EXERCISE BRIEF
Give again only the lines from the line that holds "Nike Air Rift" to the end of the data, inclusive, omitting all pictures.

RAW DATA
- - - -

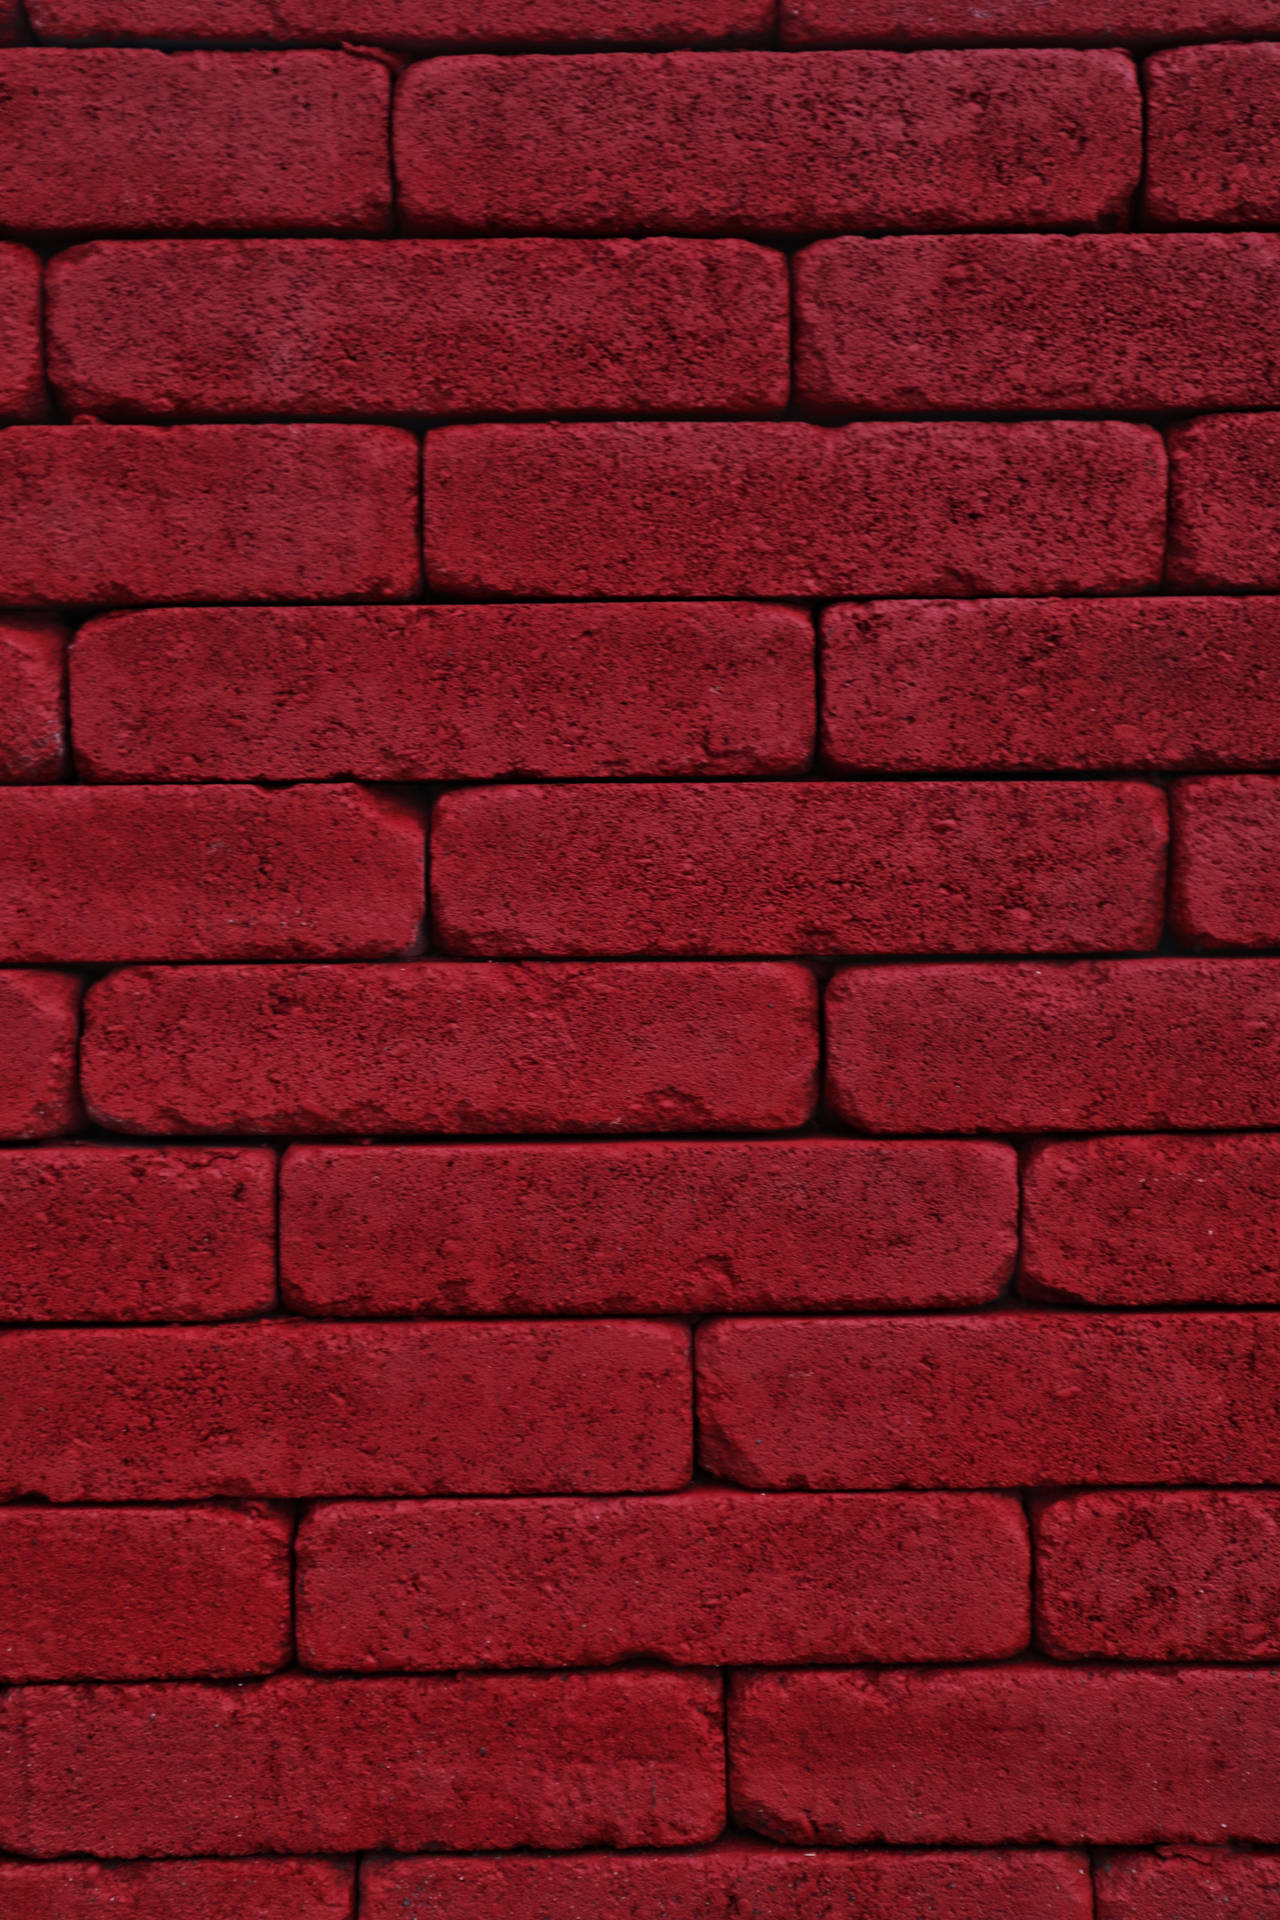 Minecraft Chiseled Stone Bricks Wallpaper
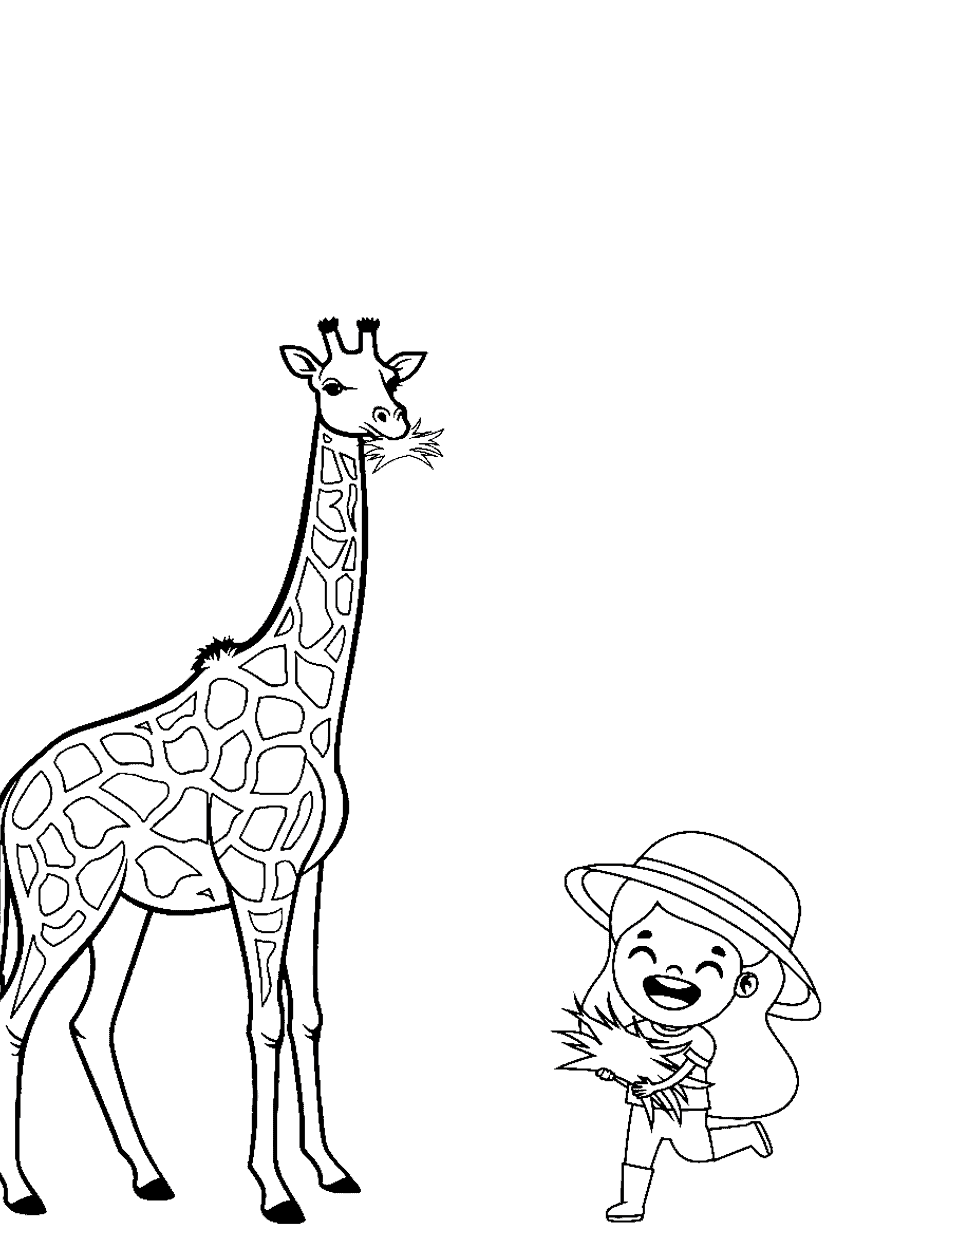 Kid and Giraffe Coloring Page - Happy kid feeding a giraffe.
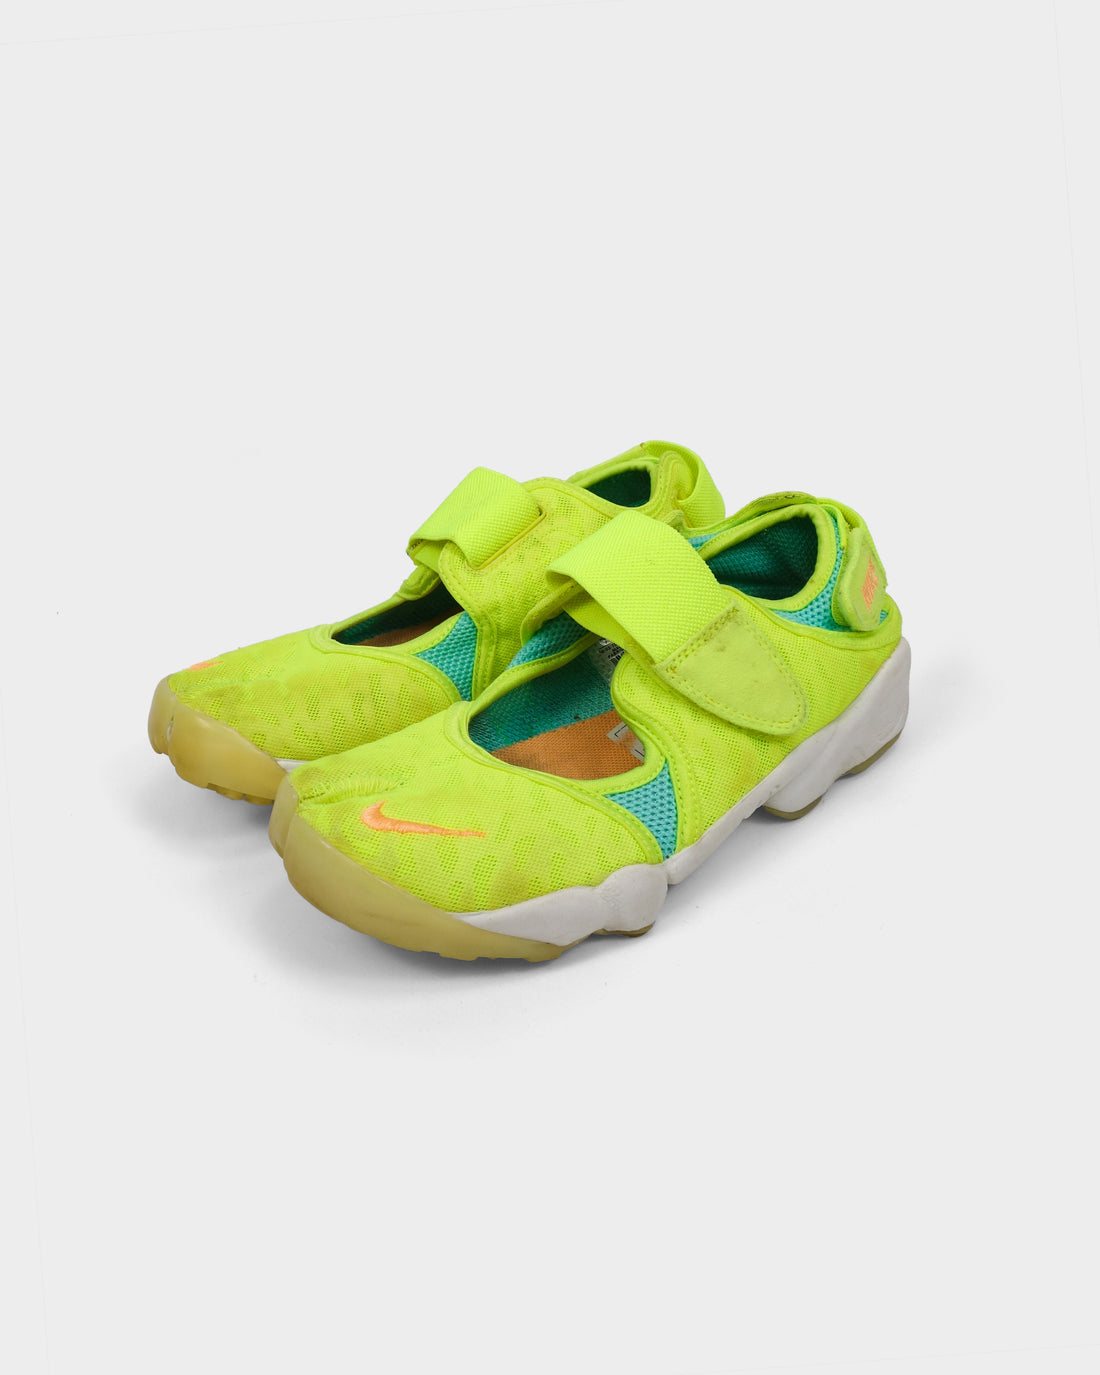 Nike Air Rift Textured Neon Green Sample 2015
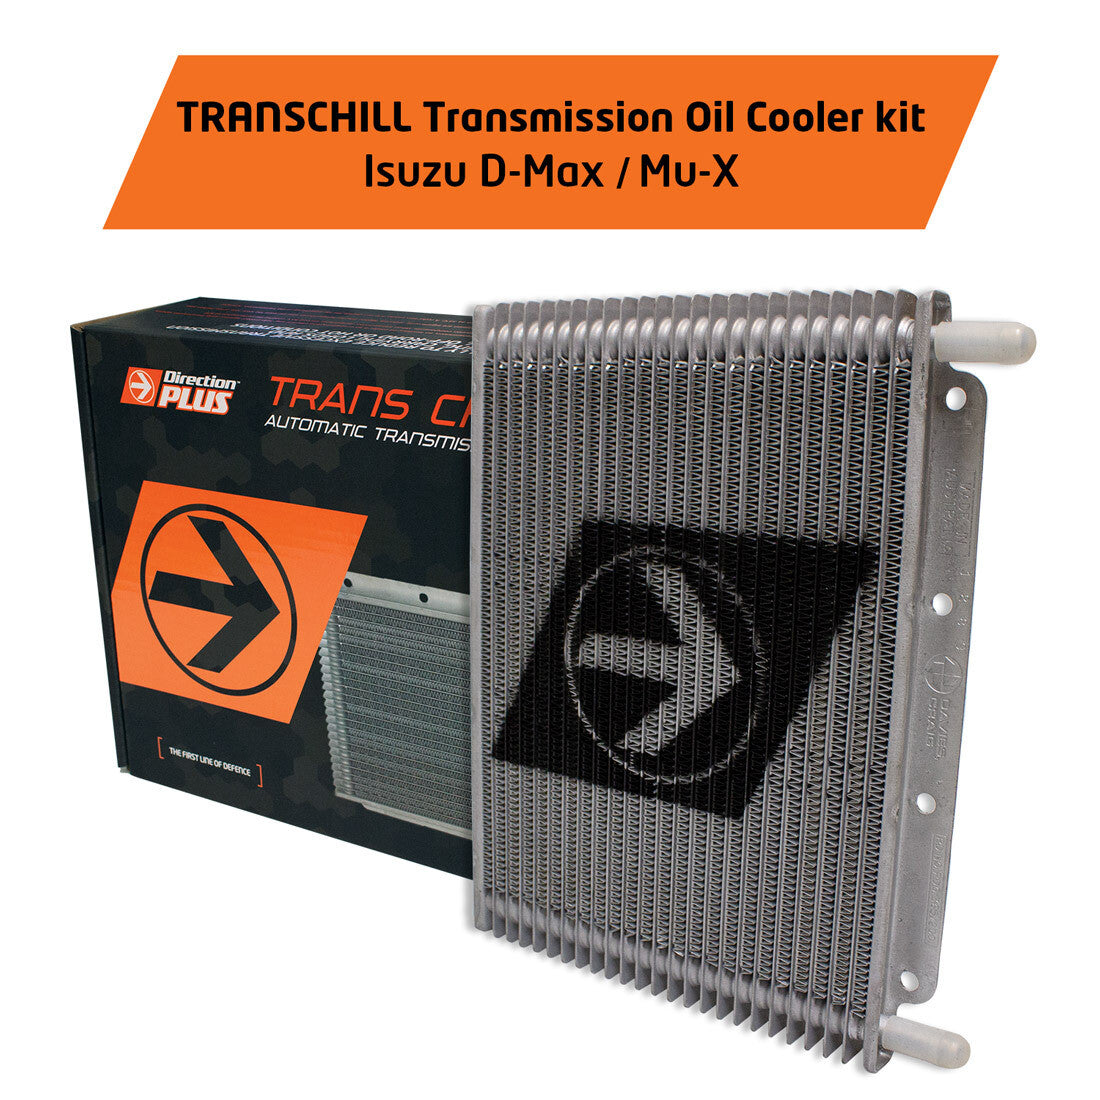 Transchill Transmission Cooler Kit - Isuzu D-Max and MU-X

- - - -

FINISHED EXERCISE
 Nike Air Rift Textured Neon Green Sample 2015
 Transchill Transmission Cooler Kit - Isuzu D-Max and MU-X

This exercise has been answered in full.